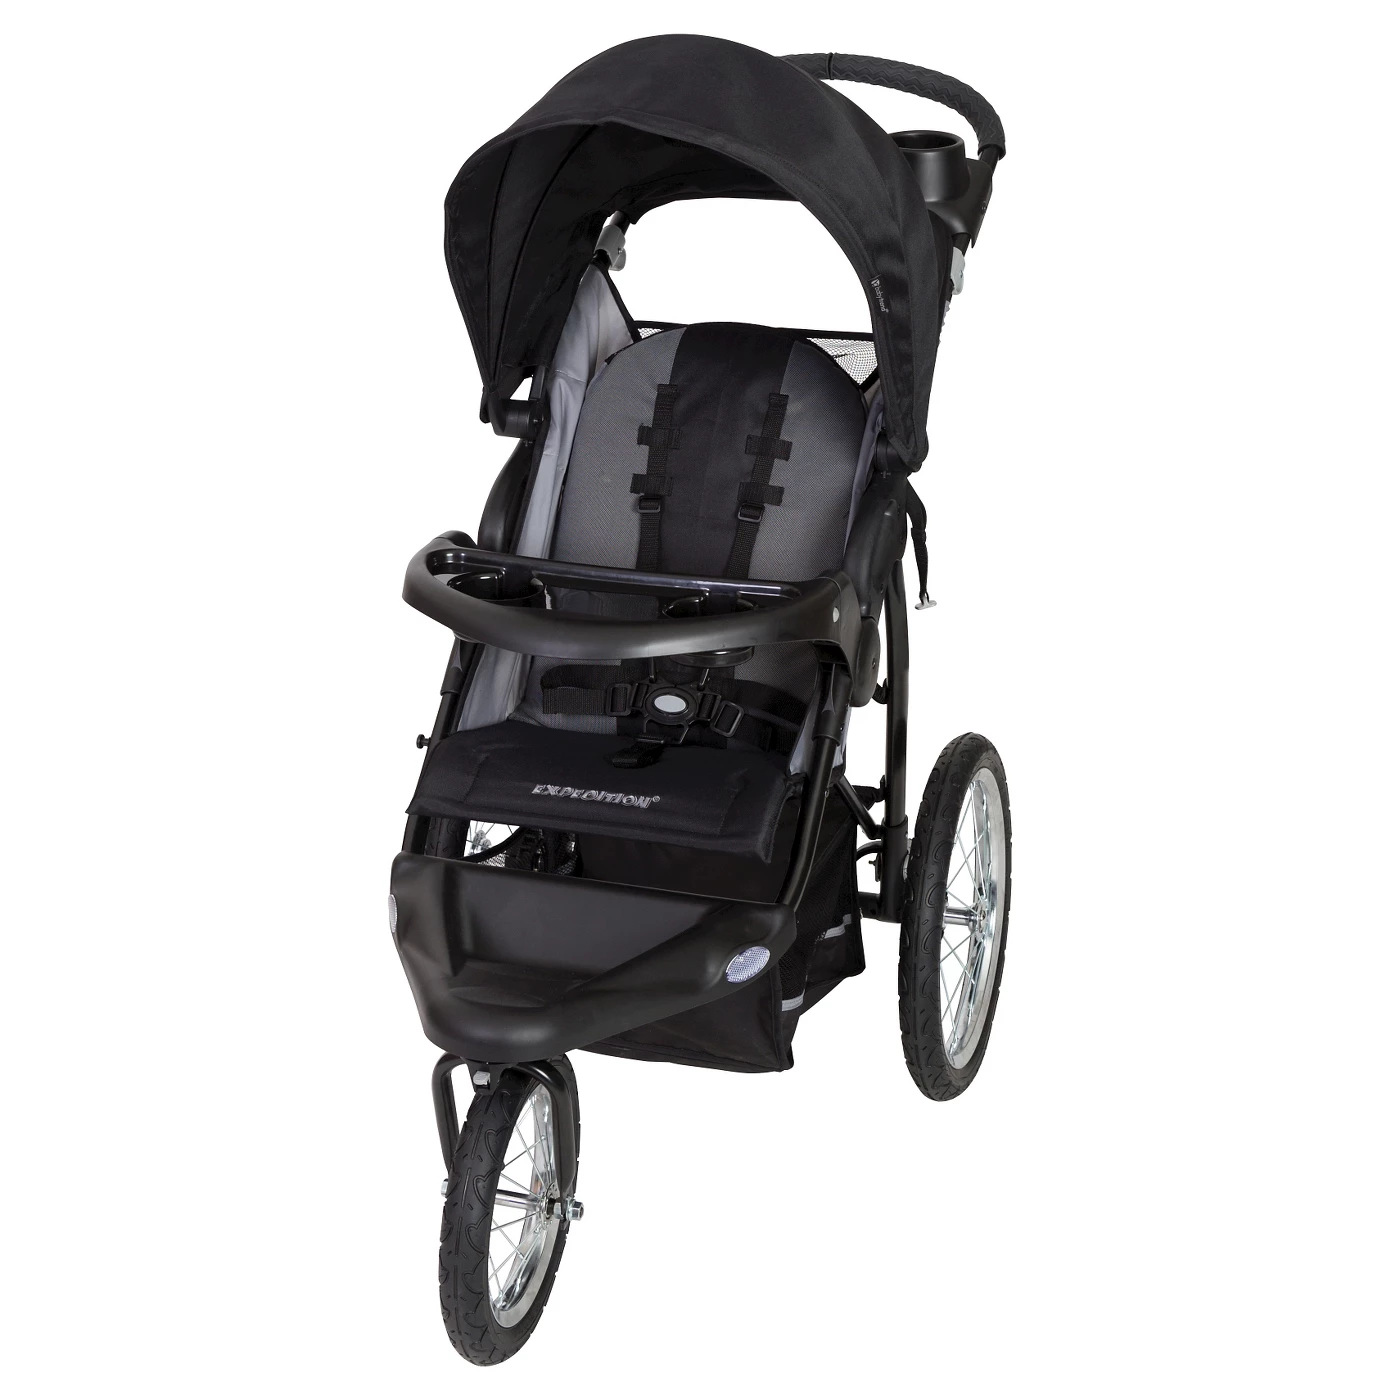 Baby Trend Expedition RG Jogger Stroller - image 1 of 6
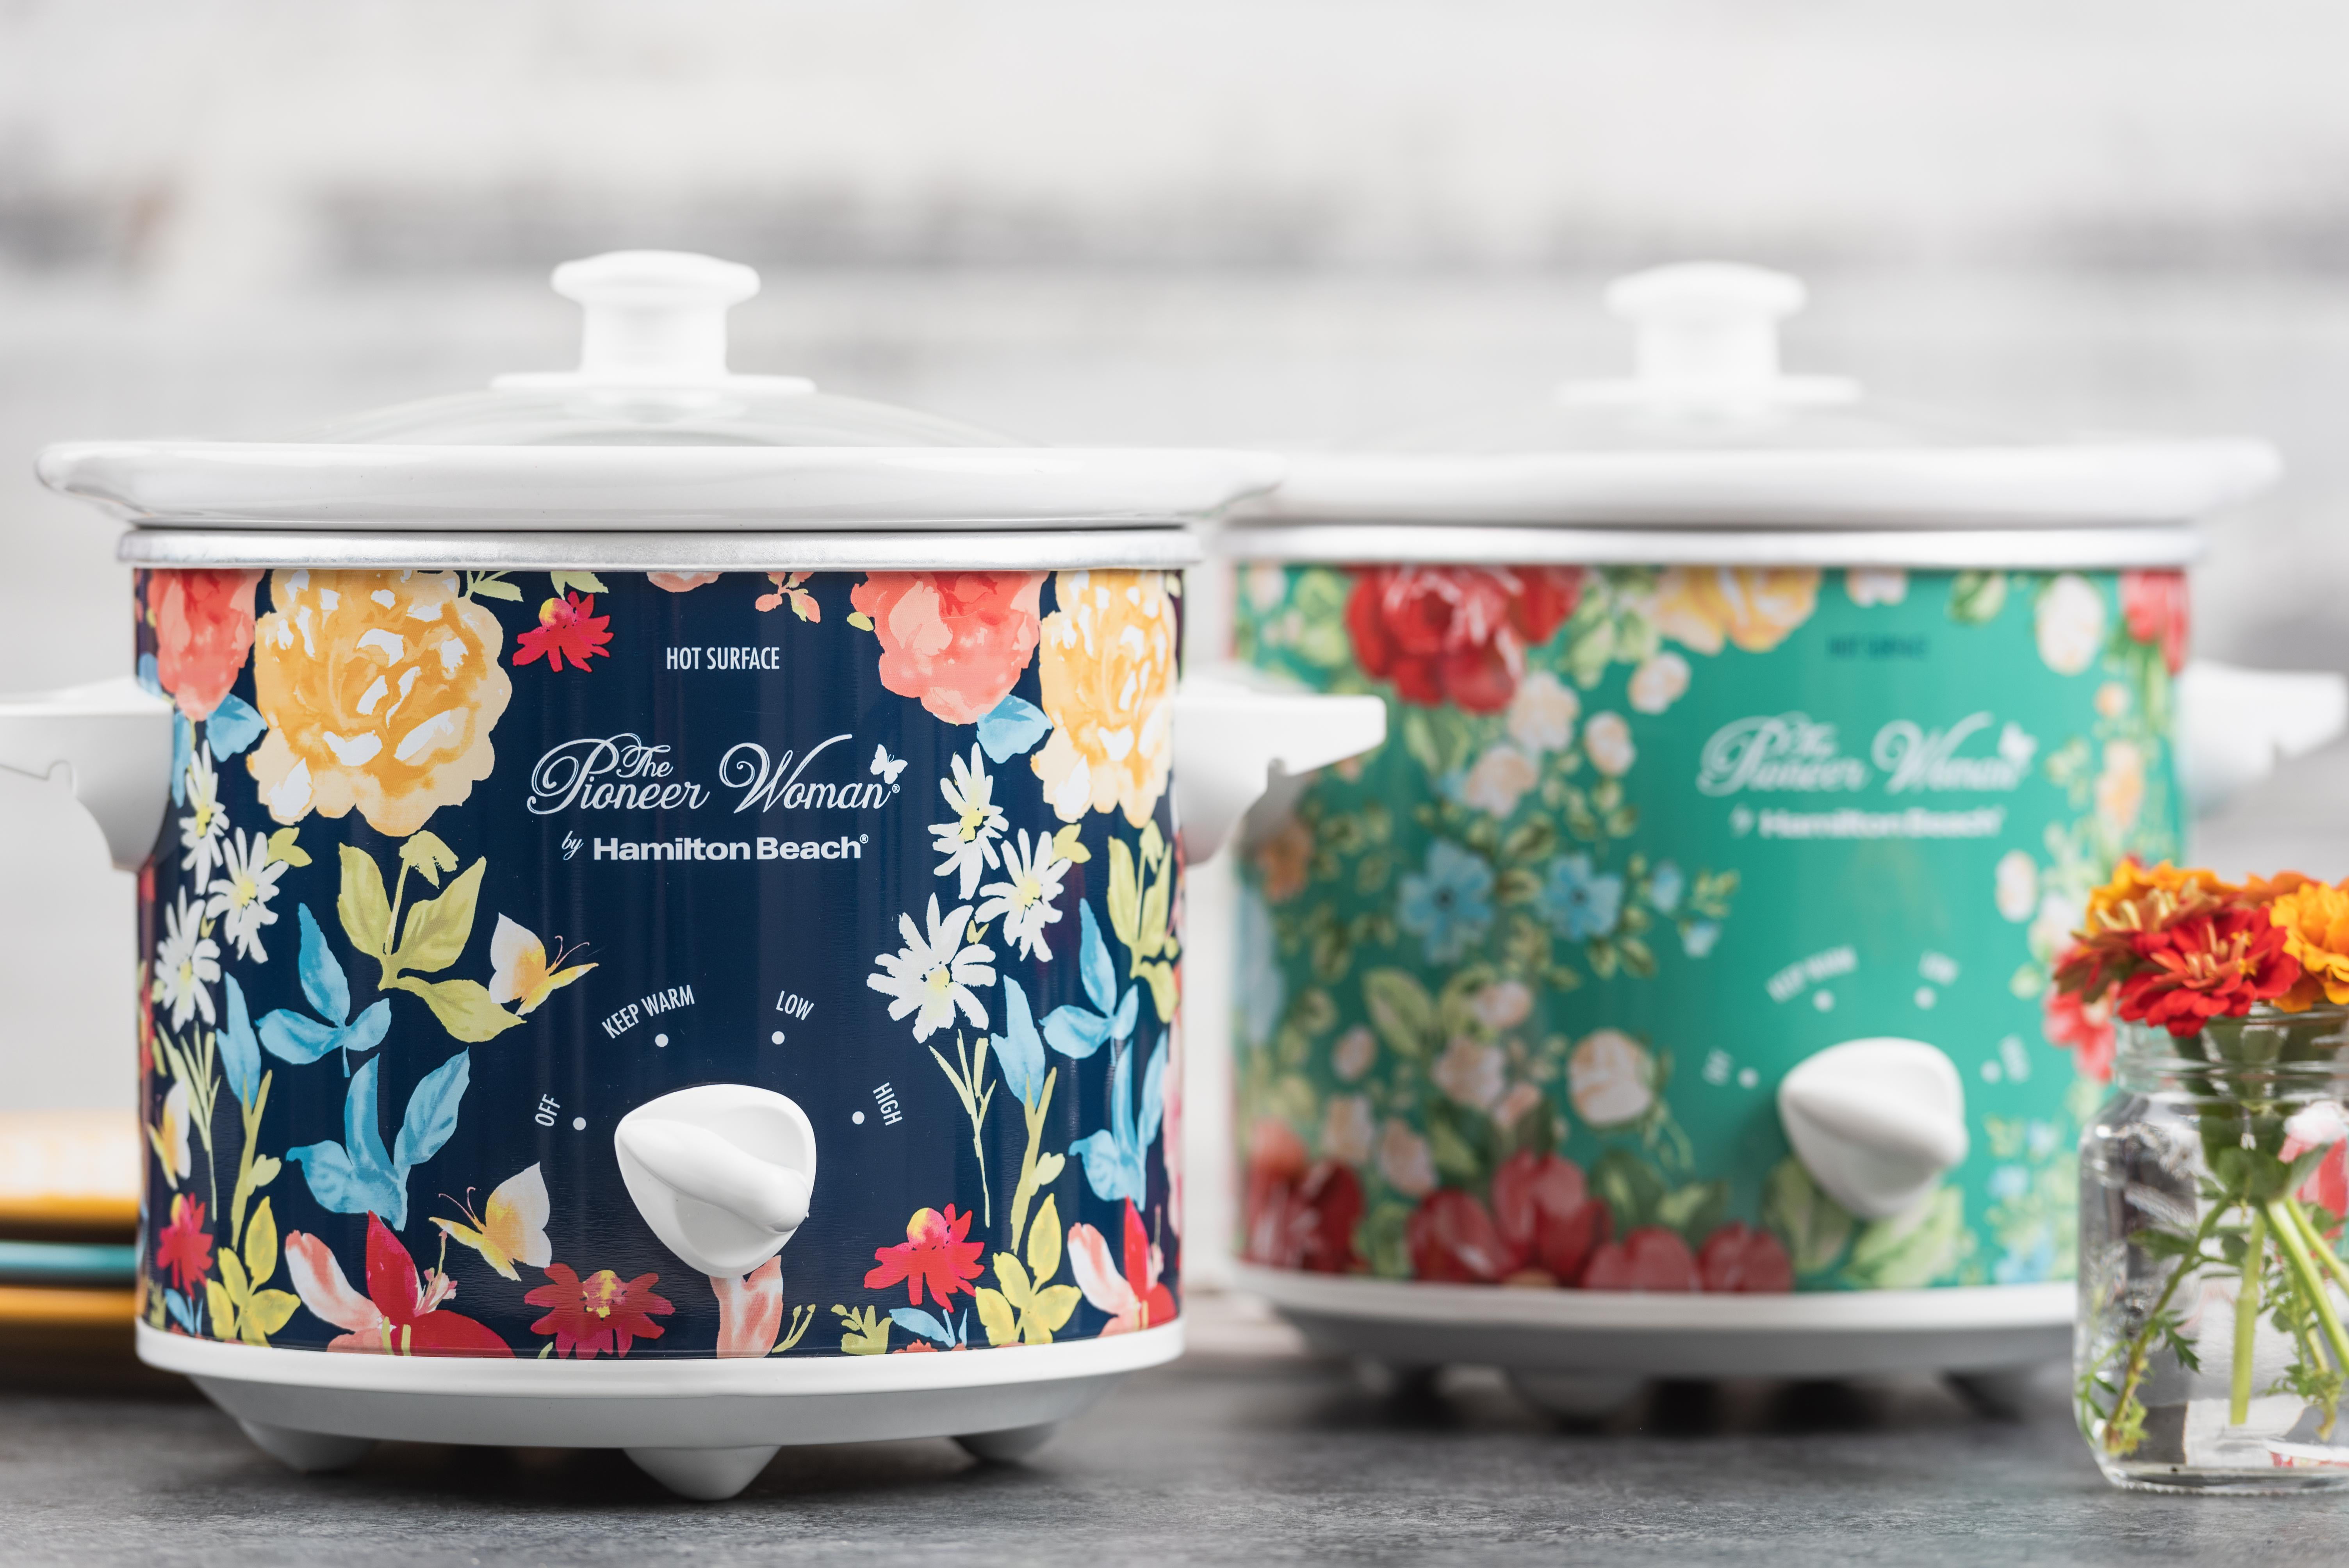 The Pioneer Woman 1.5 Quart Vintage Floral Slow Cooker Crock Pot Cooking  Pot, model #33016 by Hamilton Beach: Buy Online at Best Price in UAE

================

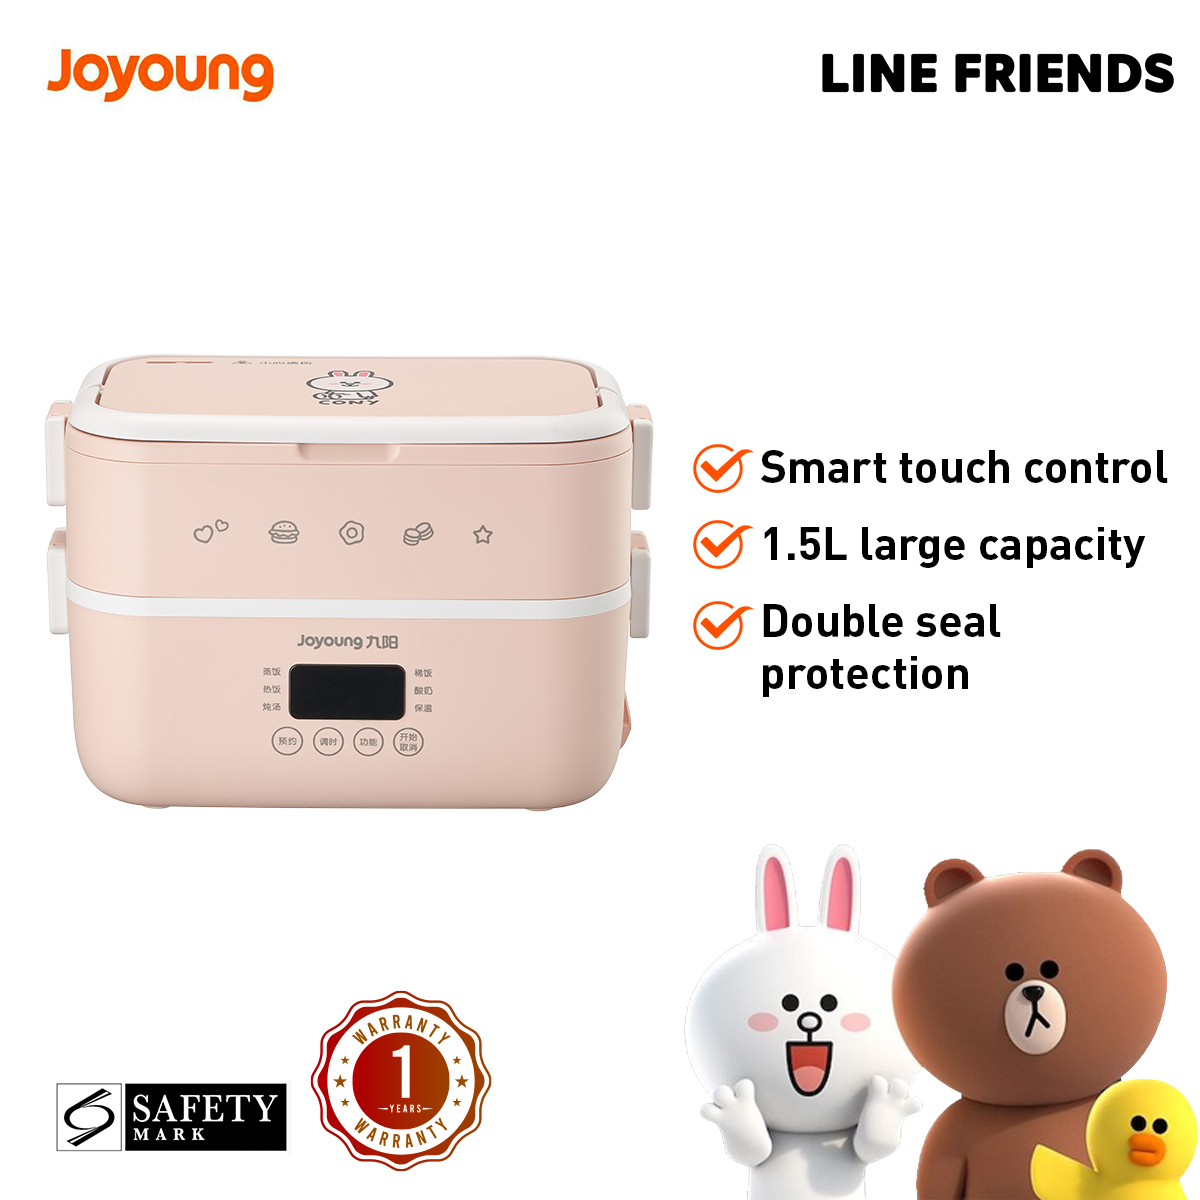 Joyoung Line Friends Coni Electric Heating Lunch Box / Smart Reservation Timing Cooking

================

The lines above from the line with "Baby Trend Expedition" through the line with "The Pioneer Woman" are to be given again word for word, with no pictures among them.

 Baby Trend Expedition RG Jogger Stroller - image 1 of 6
 The Pioneer Woman 1.5 Quart Vintage Floral Slow Cooker Crock Pot Cooking  Pot, model #33016 by Hamilton Beach: Buy Online at Best Price in UAE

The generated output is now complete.